За четыре года личность лагерного уникума обросла легендами. Все знали, что свой кусок сырого непропеченного хлеба пополам с кострикой, миску мутной баланды и шмат каши он до крохи отдавал товарищам, но, вопреки всем законам лагерного выживания, не только не худел, но даже норму свою выполнял, а в солнечные дни бывал даже весел, словно жиденький свет северного солнца был для него сливочным маслом.
– Как себя чувствуешь-то? – уже по-свойски поинтересовался Гурехин.
– Да, почитай, одна пуговка осталась. Оставил бы ты мне водицы прыснуть, на всякий случай… А?
– Да я бы оставил, только без меня вода силу потеряет.
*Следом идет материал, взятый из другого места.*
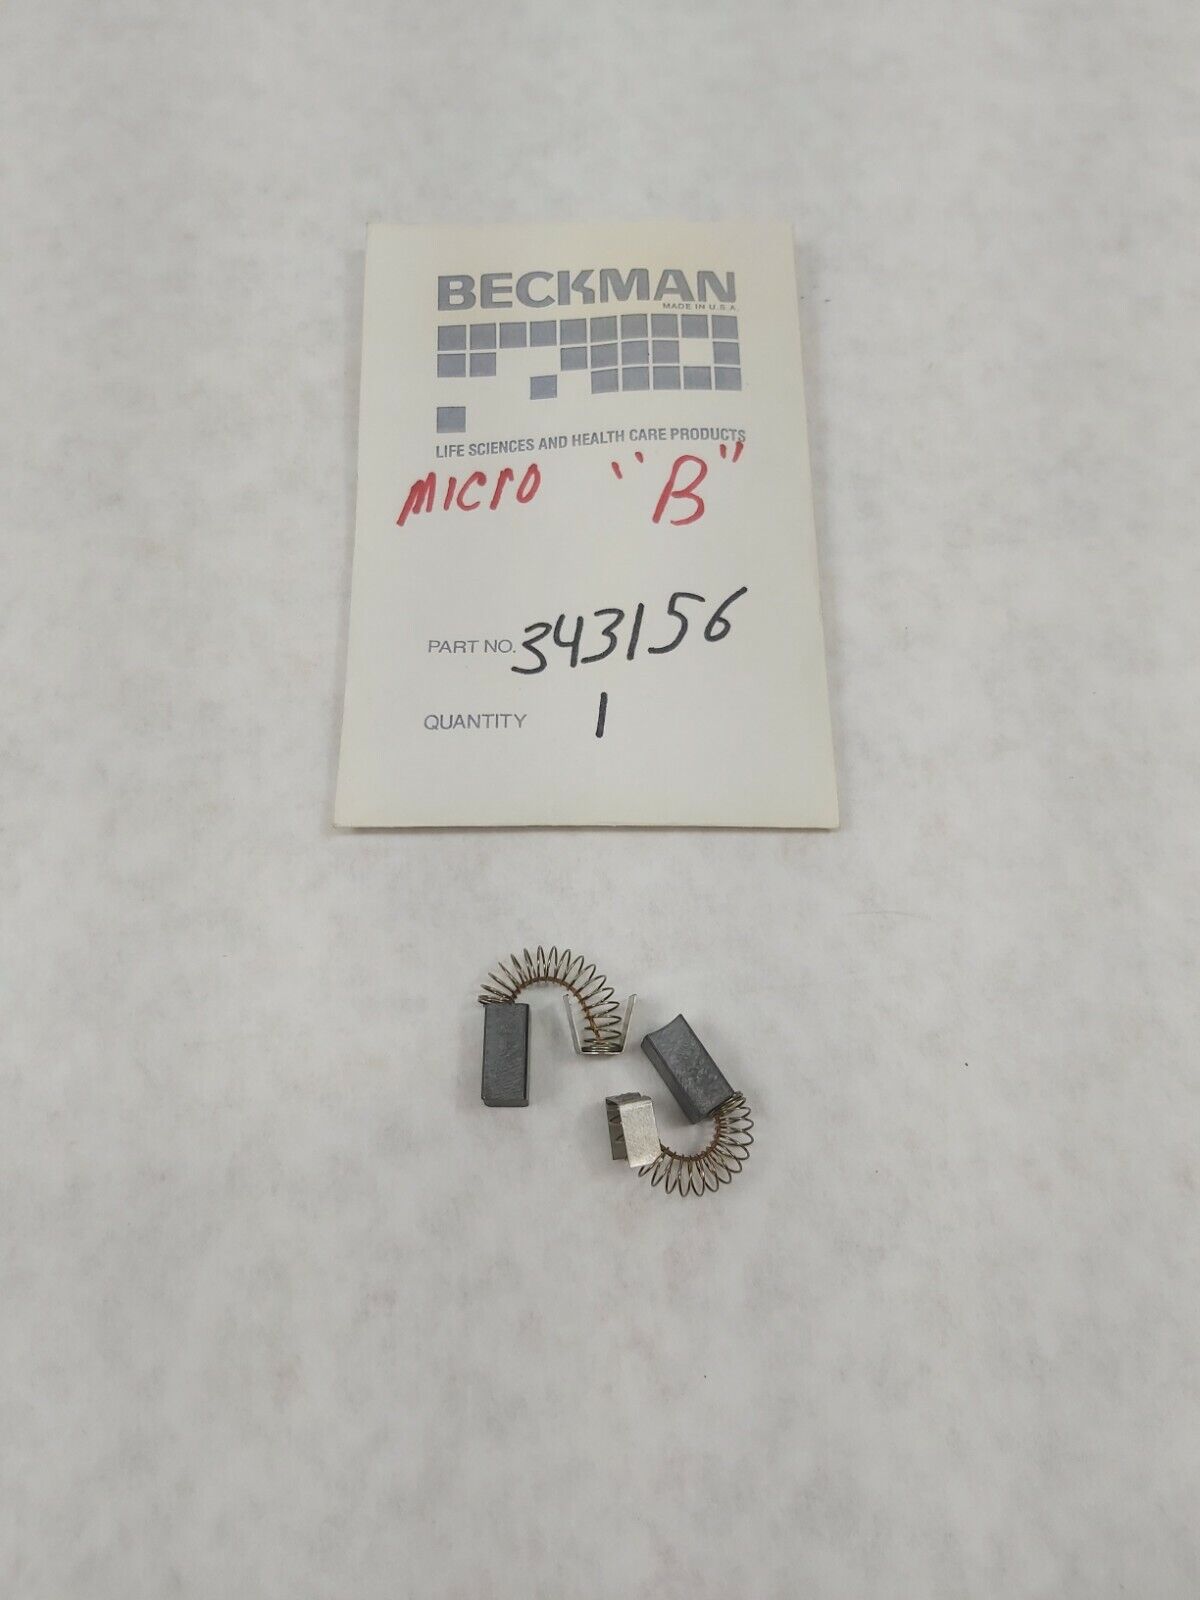 Beckman 343156 Brushes For Microfuge "B" Centrifuge
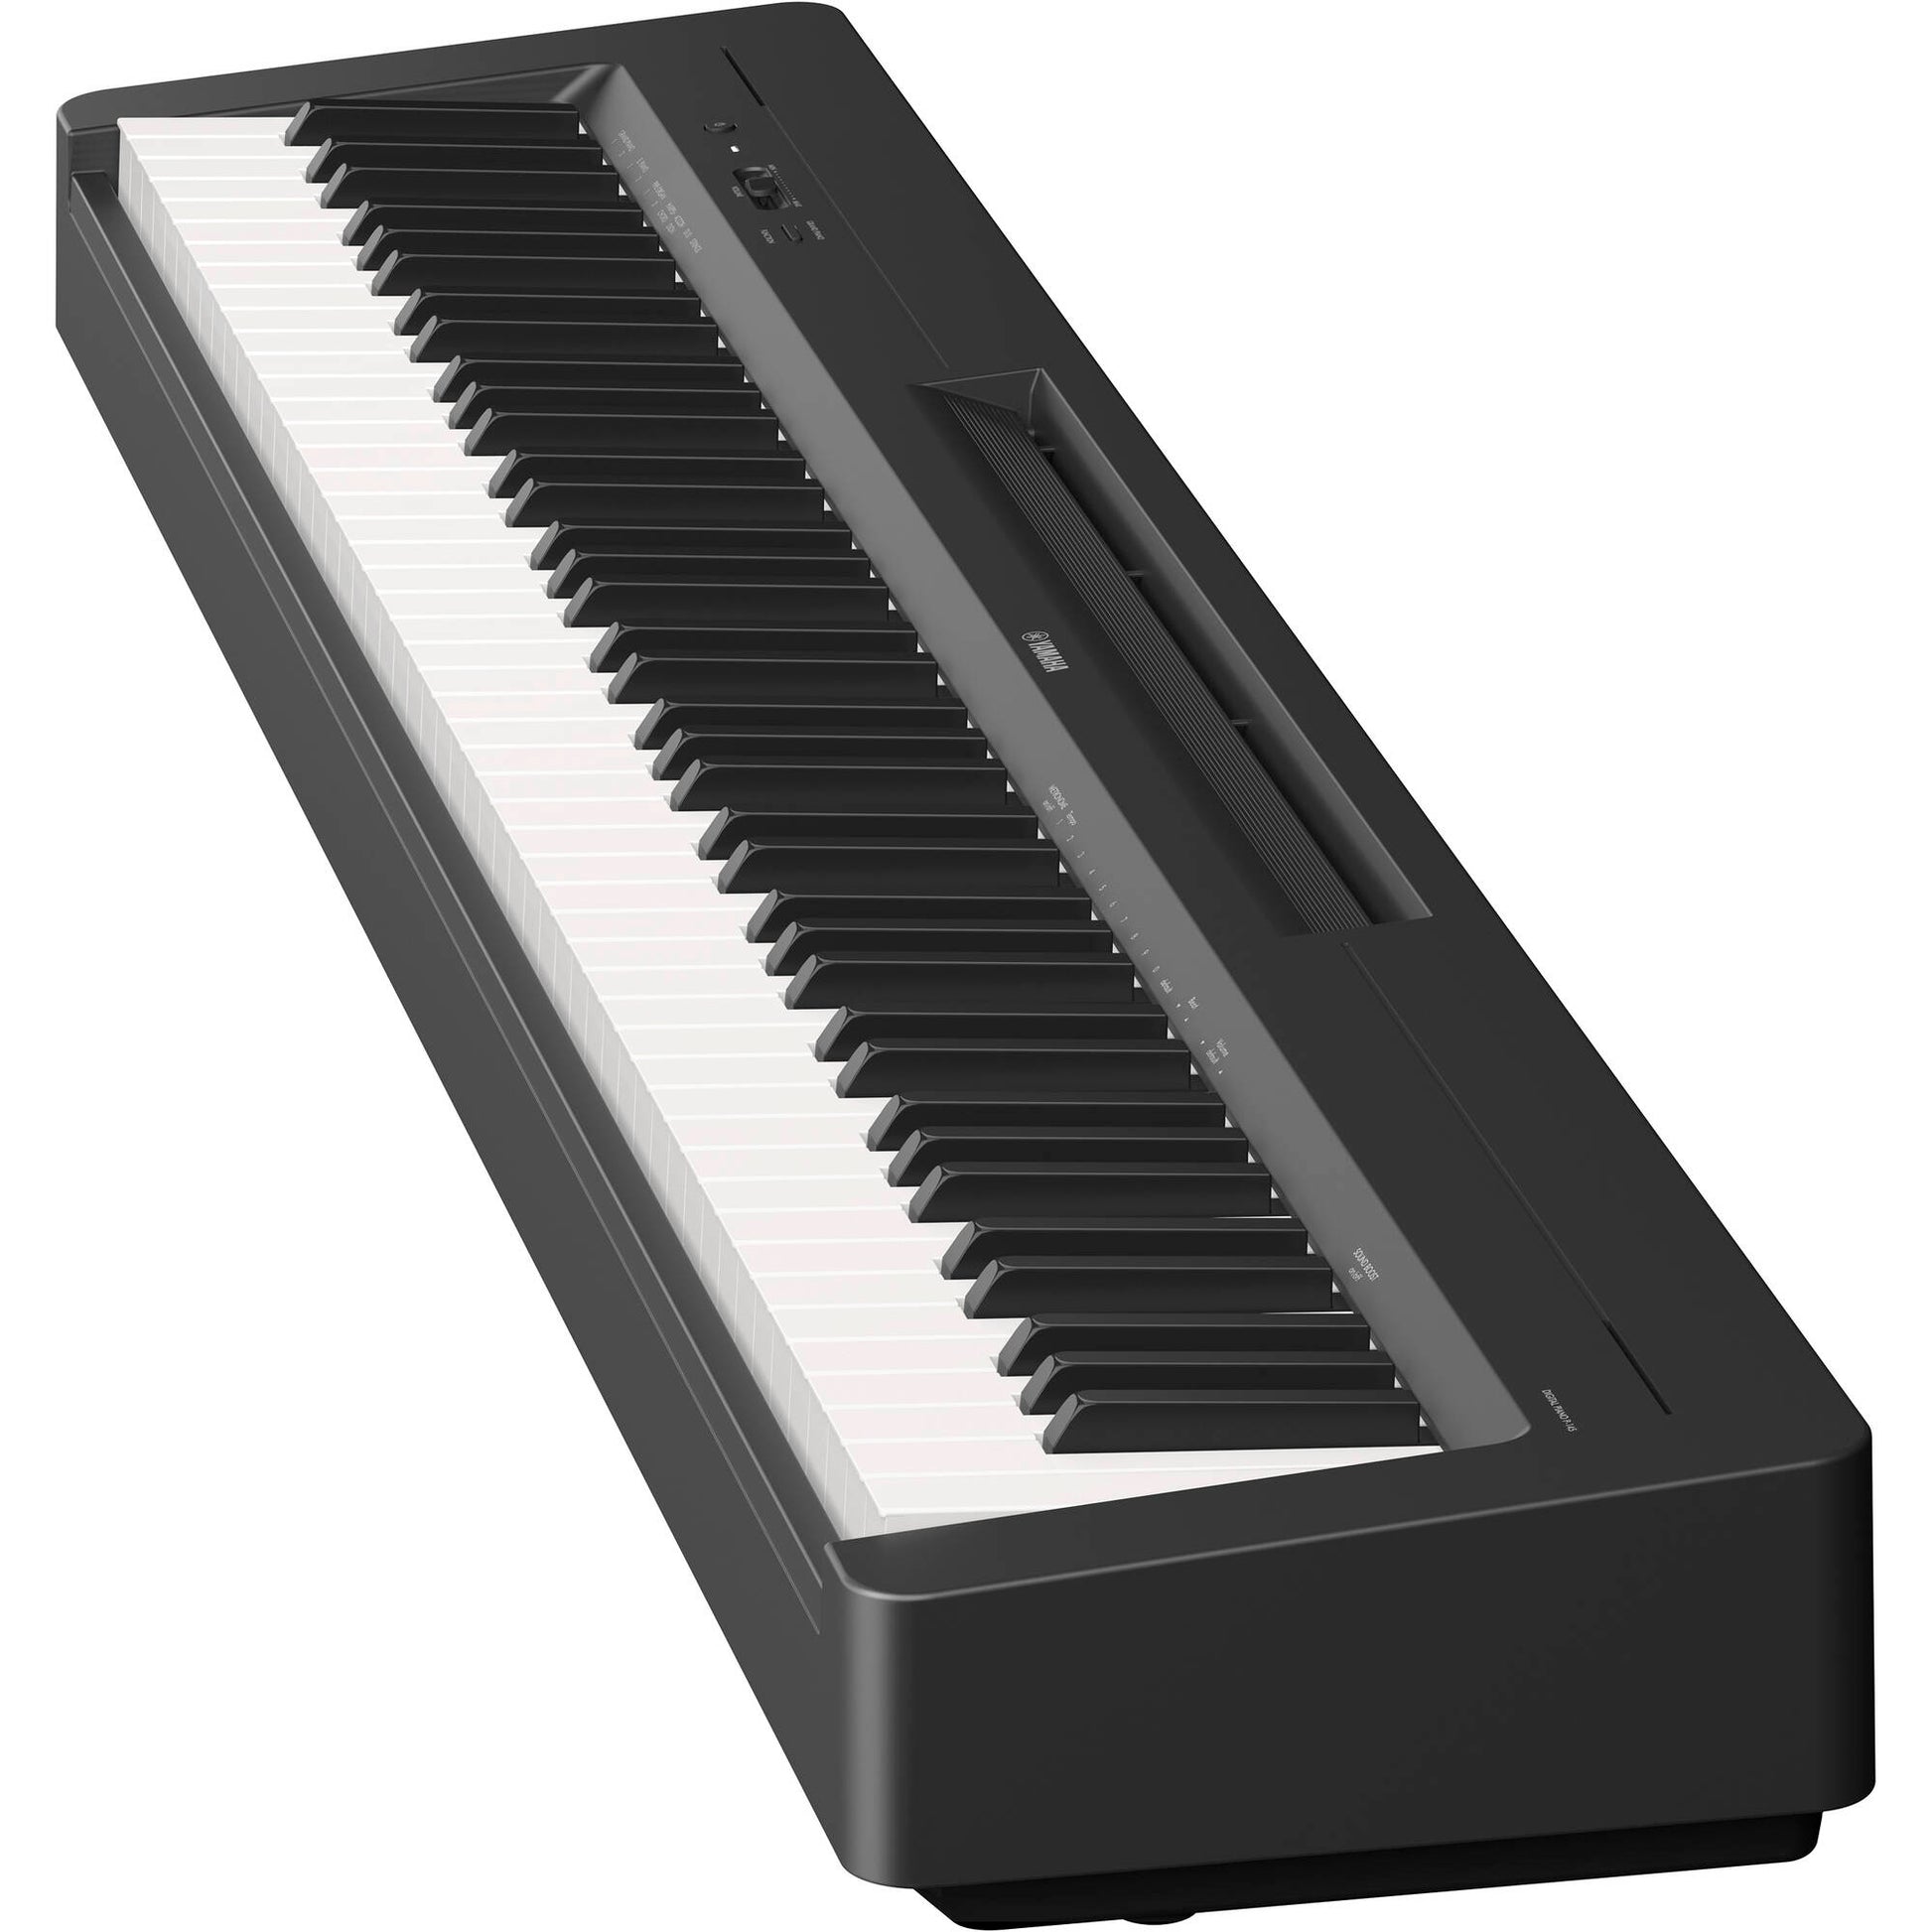 Yamaha P-145 Digital Portable Piano - Coach House Pianos

Умная эта вода, слово человечье понимает.
– Говорят, на святой воде замешиваешь? – мучая цигарку, допытывался конвойный.
– Не на святой, а на звездной, древние мудрецы праной звали. А куда повезут-то меня, не слыхал?
– В Москву… Так что прощевай, док, лихом не поминай. А я супротив тебя никогда ничего не имел, – уже у дверей «штабной» просипел конвойный.
– И ты прощай. Будь здоров…
В темных ледяных сенцах Гурехин содрал с бритой головы шапку, потянул на себя разбухшую дверь и сразу ослеп от яркого электрического света.
– Заключенный номер Ка пятьсот пятнадцать в расположение комендатуры доставлен! – рявкнул за спиной конвоир.
– Свободен! – махнул рукой начальник лагеря, умный и незлой человек по фамилии Рубель.
– Так это вы Гурехин Ксаверий Максимович?
За столом сидел приезжий капитан из Управления лагерей: по-столичному розовый и гладко выбритый, в свежем романовском тулупчике, натуго перепоясанный новенькой блестящей портупеей. Он вскинул на Гурехина плутовские глаза и отодвинул в сторону заляпанный печатями «кирпич» – дело Гурехина.
– Курите? – участливо спросил он, протягивая Гурехину щегольскую папироску из золотого портсигара. На крышке был прочеканен единорог с развевающейся гривой и завитым в кольца хвостом. Отследив взгляд Гурехина, он едва заметно кивнул.
Гурехин вынул сигарету подрагивающими пальцами, но так и не закурил. Он никогда не курил.